◆ How to complete this task:
Return, word for word, the lines of the listing below from the one with "Mitteilungsblatt Dettingen-Wallhausen Freitag, 19." through the one with "Americium element #95/118", and no other lines.

◆ Listed records:
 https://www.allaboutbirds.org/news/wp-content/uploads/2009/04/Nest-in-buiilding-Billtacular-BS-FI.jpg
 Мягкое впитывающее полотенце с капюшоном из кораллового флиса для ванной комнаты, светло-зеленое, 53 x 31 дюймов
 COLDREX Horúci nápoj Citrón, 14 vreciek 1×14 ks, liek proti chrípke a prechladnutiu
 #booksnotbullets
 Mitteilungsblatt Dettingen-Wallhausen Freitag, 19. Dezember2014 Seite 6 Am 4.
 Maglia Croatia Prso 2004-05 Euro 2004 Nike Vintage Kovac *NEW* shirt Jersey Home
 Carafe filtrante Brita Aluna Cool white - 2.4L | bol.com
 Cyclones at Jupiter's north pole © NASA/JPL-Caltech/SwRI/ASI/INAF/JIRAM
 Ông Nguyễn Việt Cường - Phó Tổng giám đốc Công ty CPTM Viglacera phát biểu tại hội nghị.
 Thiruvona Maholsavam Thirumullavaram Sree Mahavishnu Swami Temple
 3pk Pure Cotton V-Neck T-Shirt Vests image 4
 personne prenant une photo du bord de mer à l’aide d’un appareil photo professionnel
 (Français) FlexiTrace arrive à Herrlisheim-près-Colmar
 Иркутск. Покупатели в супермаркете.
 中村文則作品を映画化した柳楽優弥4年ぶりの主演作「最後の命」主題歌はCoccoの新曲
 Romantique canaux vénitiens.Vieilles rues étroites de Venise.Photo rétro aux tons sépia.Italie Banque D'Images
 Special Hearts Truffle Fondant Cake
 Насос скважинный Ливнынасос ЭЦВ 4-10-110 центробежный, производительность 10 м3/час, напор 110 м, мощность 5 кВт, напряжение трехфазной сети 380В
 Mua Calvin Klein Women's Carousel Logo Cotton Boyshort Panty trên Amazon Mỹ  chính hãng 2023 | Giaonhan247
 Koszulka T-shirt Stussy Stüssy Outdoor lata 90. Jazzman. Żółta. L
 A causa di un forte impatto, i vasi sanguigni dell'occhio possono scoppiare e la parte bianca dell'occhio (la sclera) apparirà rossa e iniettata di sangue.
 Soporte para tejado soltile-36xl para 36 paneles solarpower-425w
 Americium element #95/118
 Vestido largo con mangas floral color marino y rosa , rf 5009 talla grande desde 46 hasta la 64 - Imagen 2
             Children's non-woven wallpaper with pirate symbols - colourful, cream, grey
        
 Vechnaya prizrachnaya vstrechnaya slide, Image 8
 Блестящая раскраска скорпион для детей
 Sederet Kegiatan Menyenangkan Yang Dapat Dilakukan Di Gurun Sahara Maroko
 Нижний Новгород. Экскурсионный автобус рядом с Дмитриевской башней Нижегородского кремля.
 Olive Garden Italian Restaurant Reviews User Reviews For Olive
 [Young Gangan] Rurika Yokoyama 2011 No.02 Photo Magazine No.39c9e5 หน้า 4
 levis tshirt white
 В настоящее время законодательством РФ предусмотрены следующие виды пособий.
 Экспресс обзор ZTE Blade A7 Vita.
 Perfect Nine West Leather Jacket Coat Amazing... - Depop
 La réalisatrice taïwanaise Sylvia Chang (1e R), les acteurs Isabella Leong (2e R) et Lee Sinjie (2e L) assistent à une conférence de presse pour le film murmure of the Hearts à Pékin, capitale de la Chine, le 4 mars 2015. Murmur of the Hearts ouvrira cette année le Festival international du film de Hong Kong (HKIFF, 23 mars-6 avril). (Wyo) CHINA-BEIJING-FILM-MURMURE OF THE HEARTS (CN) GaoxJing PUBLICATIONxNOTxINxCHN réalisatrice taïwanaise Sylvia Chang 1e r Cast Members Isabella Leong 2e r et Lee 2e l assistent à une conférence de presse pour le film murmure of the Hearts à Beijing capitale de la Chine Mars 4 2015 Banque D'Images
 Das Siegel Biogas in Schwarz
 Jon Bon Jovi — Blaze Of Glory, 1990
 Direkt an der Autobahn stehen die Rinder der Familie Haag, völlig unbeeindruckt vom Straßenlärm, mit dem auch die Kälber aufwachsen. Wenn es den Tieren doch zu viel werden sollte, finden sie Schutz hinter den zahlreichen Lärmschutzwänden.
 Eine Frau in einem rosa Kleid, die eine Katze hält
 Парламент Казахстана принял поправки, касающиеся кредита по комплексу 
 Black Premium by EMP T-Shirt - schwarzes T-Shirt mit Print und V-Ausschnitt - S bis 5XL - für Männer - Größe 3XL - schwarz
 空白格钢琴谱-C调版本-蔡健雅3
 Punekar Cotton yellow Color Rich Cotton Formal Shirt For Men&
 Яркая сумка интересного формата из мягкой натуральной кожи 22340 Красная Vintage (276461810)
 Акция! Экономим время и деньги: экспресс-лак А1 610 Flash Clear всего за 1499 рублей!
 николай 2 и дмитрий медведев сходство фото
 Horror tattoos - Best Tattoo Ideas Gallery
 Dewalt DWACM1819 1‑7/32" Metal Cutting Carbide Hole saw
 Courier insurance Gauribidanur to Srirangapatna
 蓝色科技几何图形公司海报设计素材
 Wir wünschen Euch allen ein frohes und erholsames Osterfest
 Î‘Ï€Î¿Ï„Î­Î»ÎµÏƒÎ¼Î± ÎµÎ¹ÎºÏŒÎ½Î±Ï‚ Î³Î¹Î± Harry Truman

◆ Exercise response:
 Mitteilungsblatt Dettingen-Wallhausen Freitag, 19. Dezember2014 Seite 6 Am 4.
 Maglia Croatia Prso 2004-05 Euro 2004 Nike Vintage Kovac *NEW* shirt Jersey Home
 Carafe filtrante Brita Aluna Cool white - 2.4L | bol.com
 Cyclones at Jupiter's north pole © NASA/JPL-Caltech/SwRI/ASI/INAF/JIRAM
 Ông Nguyễn Việt Cường - Phó Tổng giám đốc Công ty CPTM Viglacera phát biểu tại hội nghị.
 Thiruvona Maholsavam Thirumullavaram Sree Mahavishnu Swami Temple
 3pk Pure Cotton V-Neck T-Shirt Vests image 4
 personne prenant une photo du bord de mer à l’aide d’un appareil photo professionnel
 (Français) FlexiTrace arrive à Herrlisheim-près-Colmar
 Иркутск. Покупатели в супермаркете.
 中村文則作品を映画化した柳楽優弥4年ぶりの主演作「最後の命」主題歌はCoccoの新曲
 Romantique canaux vénitiens.Vieilles rues étroites de Venise.Photo rétro aux tons sépia.Italie Banque D'Images
 Special Hearts Truffle Fondant Cake
 Насос скважинный Ливнынасос ЭЦВ 4-10-110 центробежный, производительность 10 м3/час, напор 110 м, мощность 5 кВт, напряжение трехфазной сети 380В
 Mua Calvin Klein Women's Carousel Logo Cotton Boyshort Panty trên Amazon Mỹ  chính hãng 2023 | Giaonhan247
 Koszulka T-shirt Stussy Stüssy Outdoor lata 90. Jazzman. Żółta. L
 A causa di un forte impatto, i vasi sanguigni dell'occhio possono scoppiare e la parte bianca dell'occhio (la sclera) apparirà rossa e iniettata di sangue.
 Soporte para tejado soltile-36xl para 36 paneles solarpower-425w
 Americium element #95/118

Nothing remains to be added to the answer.